§ **Task objective**
Using the records below, give again exactly the lines from the line that contains "Griechisches Marmorrelief von" through the line that contains "Male Kelp greenling", both ends included, and only those.

§ **Data shown**
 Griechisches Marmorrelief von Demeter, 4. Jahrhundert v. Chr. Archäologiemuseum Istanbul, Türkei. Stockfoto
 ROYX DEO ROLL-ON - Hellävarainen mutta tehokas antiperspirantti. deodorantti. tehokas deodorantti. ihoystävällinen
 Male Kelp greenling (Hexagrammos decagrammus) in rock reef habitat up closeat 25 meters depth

...

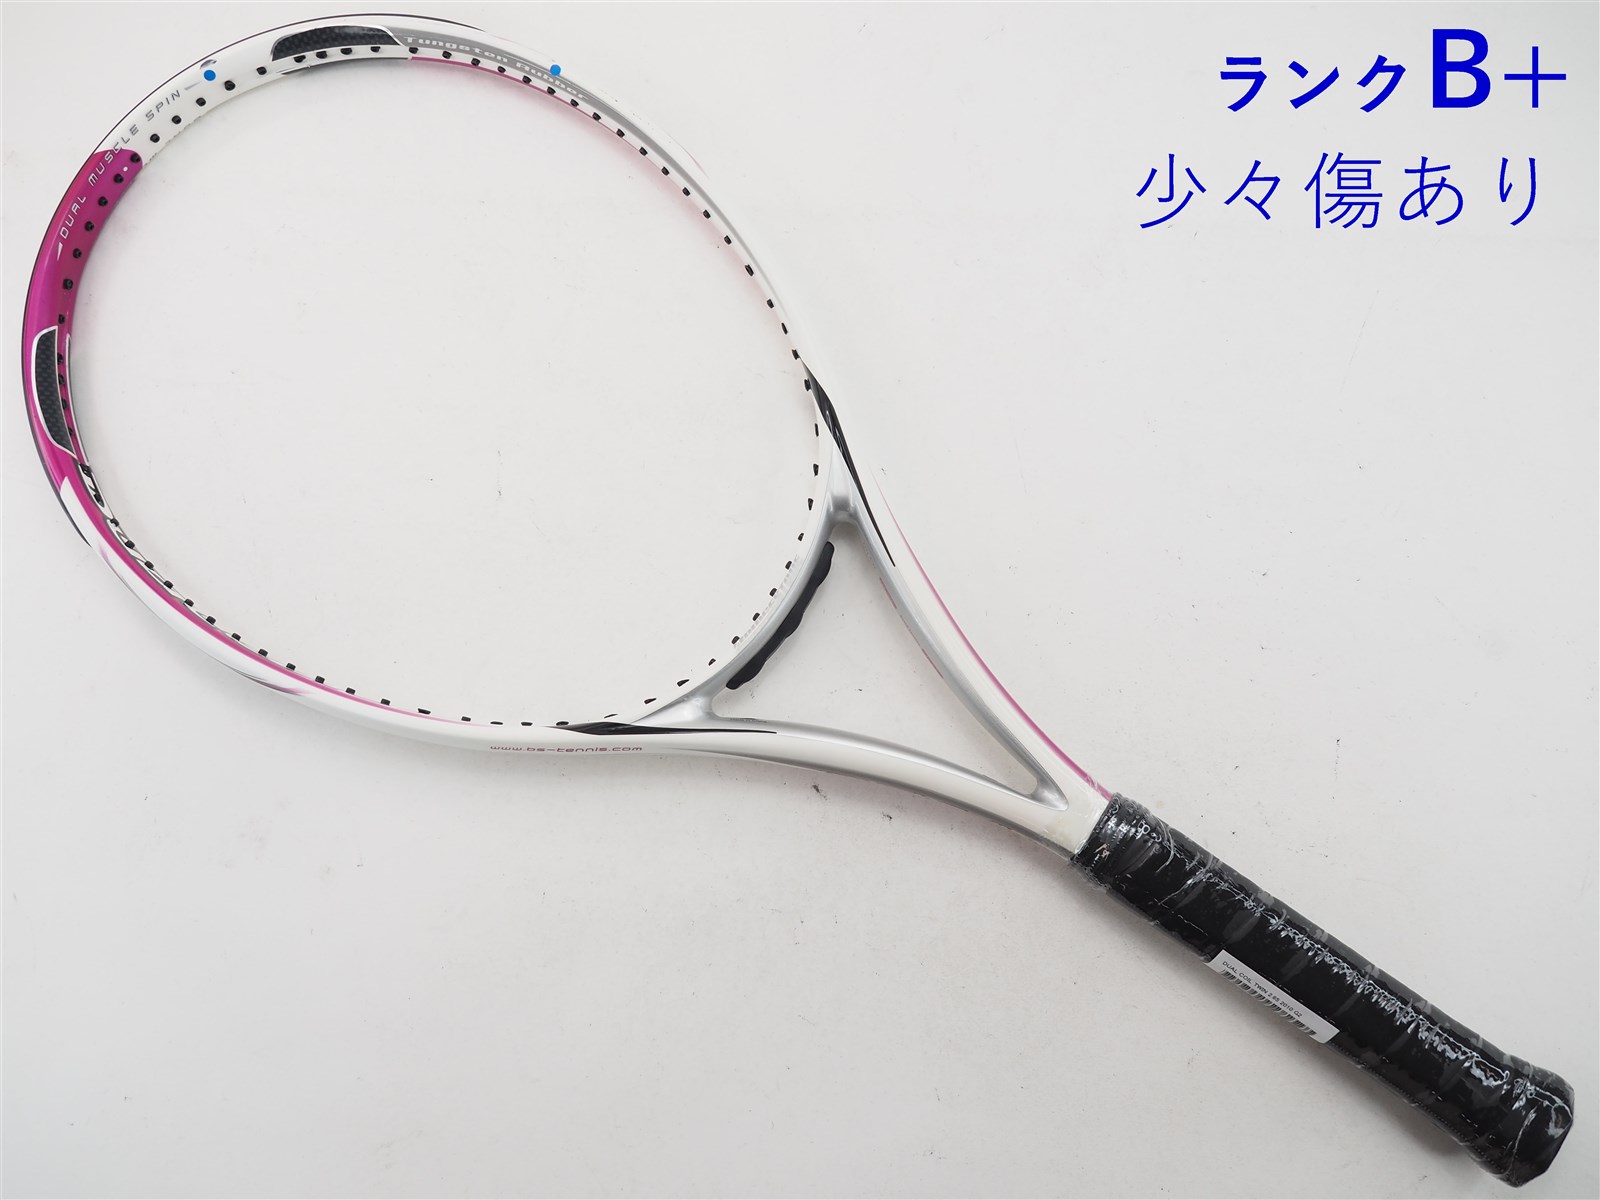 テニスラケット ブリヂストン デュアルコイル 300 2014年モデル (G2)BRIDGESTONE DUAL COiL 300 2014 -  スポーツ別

§ **Output**
 Griechisches Marmorrelief von Demeter, 4. Jahrhundert v. Chr. Archäologiemuseum Istanbul, Türkei. Stockfoto
 ROYX DEO ROLL-ON - Hellävarainen mutta tehokas antiperspirantti. deodorantti. tehokas deodorantti. ihoystävällinen
 Male Kelp greenling (Hexagrammos decagrammus) in rock reef habitat up closeat 25 meters depth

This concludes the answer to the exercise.